Extracted data entries:
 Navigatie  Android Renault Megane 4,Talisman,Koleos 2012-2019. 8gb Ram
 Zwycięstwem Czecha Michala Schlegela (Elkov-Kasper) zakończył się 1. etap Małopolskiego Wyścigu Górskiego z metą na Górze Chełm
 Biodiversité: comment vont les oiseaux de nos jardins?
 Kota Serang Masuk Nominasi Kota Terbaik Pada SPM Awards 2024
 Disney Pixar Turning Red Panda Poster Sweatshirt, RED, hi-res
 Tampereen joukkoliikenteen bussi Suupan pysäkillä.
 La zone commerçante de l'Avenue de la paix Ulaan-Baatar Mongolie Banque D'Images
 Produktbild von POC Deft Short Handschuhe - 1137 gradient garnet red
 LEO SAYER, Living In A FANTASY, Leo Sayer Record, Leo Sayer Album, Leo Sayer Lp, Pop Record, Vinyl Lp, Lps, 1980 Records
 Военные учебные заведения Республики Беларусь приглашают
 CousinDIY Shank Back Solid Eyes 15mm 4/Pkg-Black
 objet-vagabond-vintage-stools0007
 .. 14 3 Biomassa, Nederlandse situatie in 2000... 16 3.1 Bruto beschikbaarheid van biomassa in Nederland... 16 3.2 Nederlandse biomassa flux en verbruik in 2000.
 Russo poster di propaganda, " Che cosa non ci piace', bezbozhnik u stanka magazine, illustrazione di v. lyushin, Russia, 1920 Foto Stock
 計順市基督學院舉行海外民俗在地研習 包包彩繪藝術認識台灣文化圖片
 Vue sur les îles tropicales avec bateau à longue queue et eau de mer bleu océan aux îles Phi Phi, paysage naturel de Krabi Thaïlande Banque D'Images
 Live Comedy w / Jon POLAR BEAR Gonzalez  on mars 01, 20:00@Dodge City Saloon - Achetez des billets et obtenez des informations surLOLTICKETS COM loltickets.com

▶ _What needs to be done_
The data must be retyped in full, exactly as it reads.

▶ _Solution to this problem_
 Navigatie  Android Renault Megane 4,Talisman,Koleos 2012-2019. 8gb Ram
 Zwycięstwem Czecha Michala Schlegela (Elkov-Kasper) zakończył się 1. etap Małopolskiego Wyścigu Górskiego z metą na Górze Chełm
 Biodiversité: comment vont les oiseaux de nos jardins?
 Kota Serang Masuk Nominasi Kota Terbaik Pada SPM Awards 2024
 Disney Pixar Turning Red Panda Poster Sweatshirt, RED, hi-res
 Tampereen joukkoliikenteen bussi Suupan pysäkillä.
 La zone commerçante de l'Avenue de la paix Ulaan-Baatar Mongolie Banque D'Images
 Produktbild von POC Deft Short Handschuhe - 1137 gradient garnet red
 LEO SAYER, Living In A FANTASY, Leo Sayer Record, Leo Sayer Album, Leo Sayer Lp, Pop Record, Vinyl Lp, Lps, 1980 Records
 Военные учебные заведения Республики Беларусь приглашают
 CousinDIY Shank Back Solid Eyes 15mm 4/Pkg-Black
 objet-vagabond-vintage-stools0007
 .. 14 3 Biomassa, Nederlandse situatie in 2000... 16 3.1 Bruto beschikbaarheid van biomassa in Nederland... 16 3.2 Nederlandse biomassa flux en verbruik in 2000.
 Russo poster di propaganda, " Che cosa non ci piace', bezbozhnik u stanka magazine, illustrazione di v. lyushin, Russia, 1920 Foto Stock
 計順市基督學院舉行海外民俗在地研習 包包彩繪藝術認識台灣文化圖片
 Vue sur les îles tropicales avec bateau à longue queue et eau de mer bleu océan aux îles Phi Phi, paysage naturel de Krabi Thaïlande Banque D'Images
 Live Comedy w / Jon POLAR BEAR Gonzalez  on mars 01, 20:00@Dodge City Saloon - Achetez des billets et obtenez des informations surLOLTICKETS COM loltickets.com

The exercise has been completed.